Unwanted moderate distortion of aspect ratio when exporting video

This seems to be a new problem for me, and I don't THINK I've changed any of my parameters. But the result is now wrong... Help!

I use my VCR to record from US broadcasts (good old fashioned plain old TV, NTSC, I presume). Then I transfer snippets onto my DV camcorder (good ol' plain DV, nothing with 16:9 or anything like that). Then I import my DV footage into iMovie HD 6.0.2. It imports fine and looks like a normal aspect ratio.

But when I export using the File > Export... setting, I get a Quicktime video which appears vertically squished. The faces are too wide, bodies are too fat.

Looking at the various aspect ratios, I see that the preview window in iMovie HD is about 720 by 525 -- there are no black bars or letterboxing, and faces and bodies look normal. But the output video is 720 by 480, which is (according to a quick Google search) a normal NTSC output. No cropping has taken place, and no letterboxing, either. So that's why it's squished. But...

So why is iMovie showing me something from right off my TV screen which is the wrong aspect ratio but seems to have the correct proportions? That would seem to imply that my good ol' TV and VCR are not actually operating in NTSC proportions... which would be extremely weird because the footage I happen to have recorded is from an old game show from the 1960s. Do I have some setting wrong somewhere?? Is there something fundamental I don't understand? Help! Like I said, this is a new problem with me and I don't recall having changed any import settings.

Mini, Mac OS X (10.4.6)

Posted on Aug 1, 2006 1:49 AM

Reply
6 replies

Aug 1, 2006 2:29 AM in response to James Weinrich1

But when I export using the File > Export... setting, I get a Quicktime video which appears vertically squished


Obviously you used the Full Quality DV option which uses rectangular pixels, right?

What you are seeing is normal... 720x480 NTSC rectangular pixel DV should be scaled to 656x480 square pixels.

New versions of QT Player automatically display the (almost) correct aspect ratio of .dv clips.

For more info,check:

http://www.iki.fi/znark/video/conversion/

Aug 2, 2006 8:20 AM in response to Matti Haveri

Thanks for your help! I had no idea that so many video processes use rectangular pixels. But I'm still confused. What I see on screen in iMovie (and most QuickTime stuff) looks fine, but what I got out of this last set of conversions looks wrong.

Obviously you used the Full Quality DV option which uses rectangular pixels, right?

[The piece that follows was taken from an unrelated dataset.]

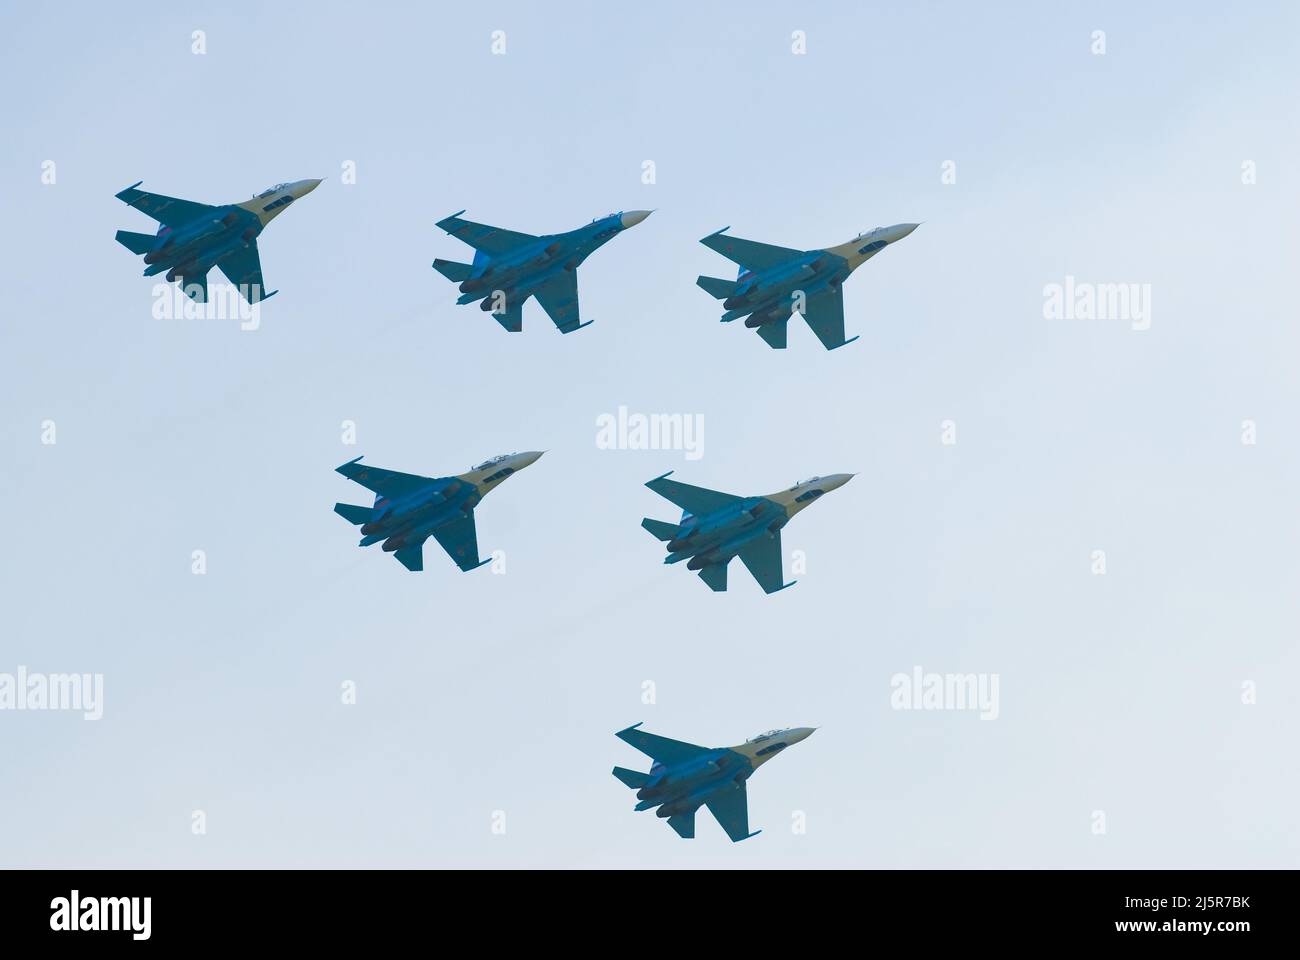 Team work of russian fighters SU-27 knights Stock Photo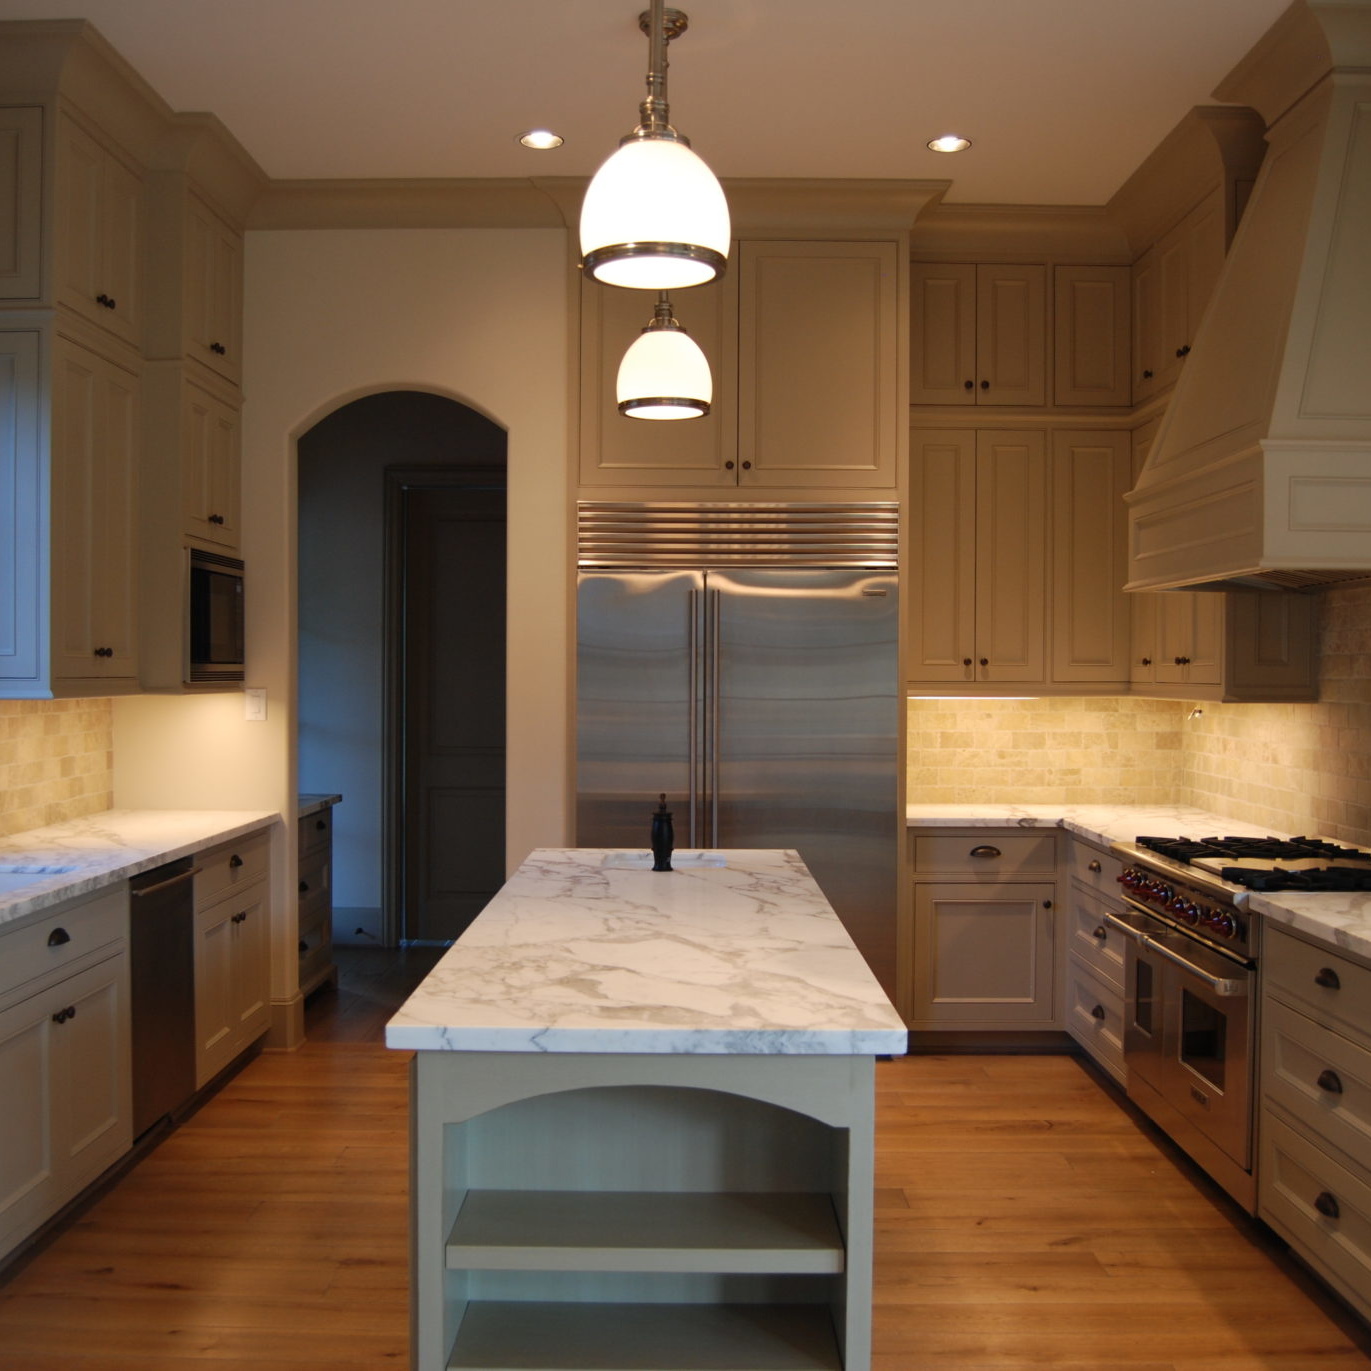 Newly remodeled kitchen with white marble countertops

Uh... I have no idea. I've spent a couple of minutes looking through the menus in iMovie and I don't see anything labeled "Full Quality DV". I'm not specifically trying to export in DV format; I'm trying to compress my NTSC format so that it plays back in nearly full size on my iBook laptop, which cannot keep up with Sorensen video or the H.264 (or two-sixty-whatever) codecs. I found that Cinepak CAN be played back at this size on my iBook. But Cinepak is a compression standard, not a video frame size standard, right?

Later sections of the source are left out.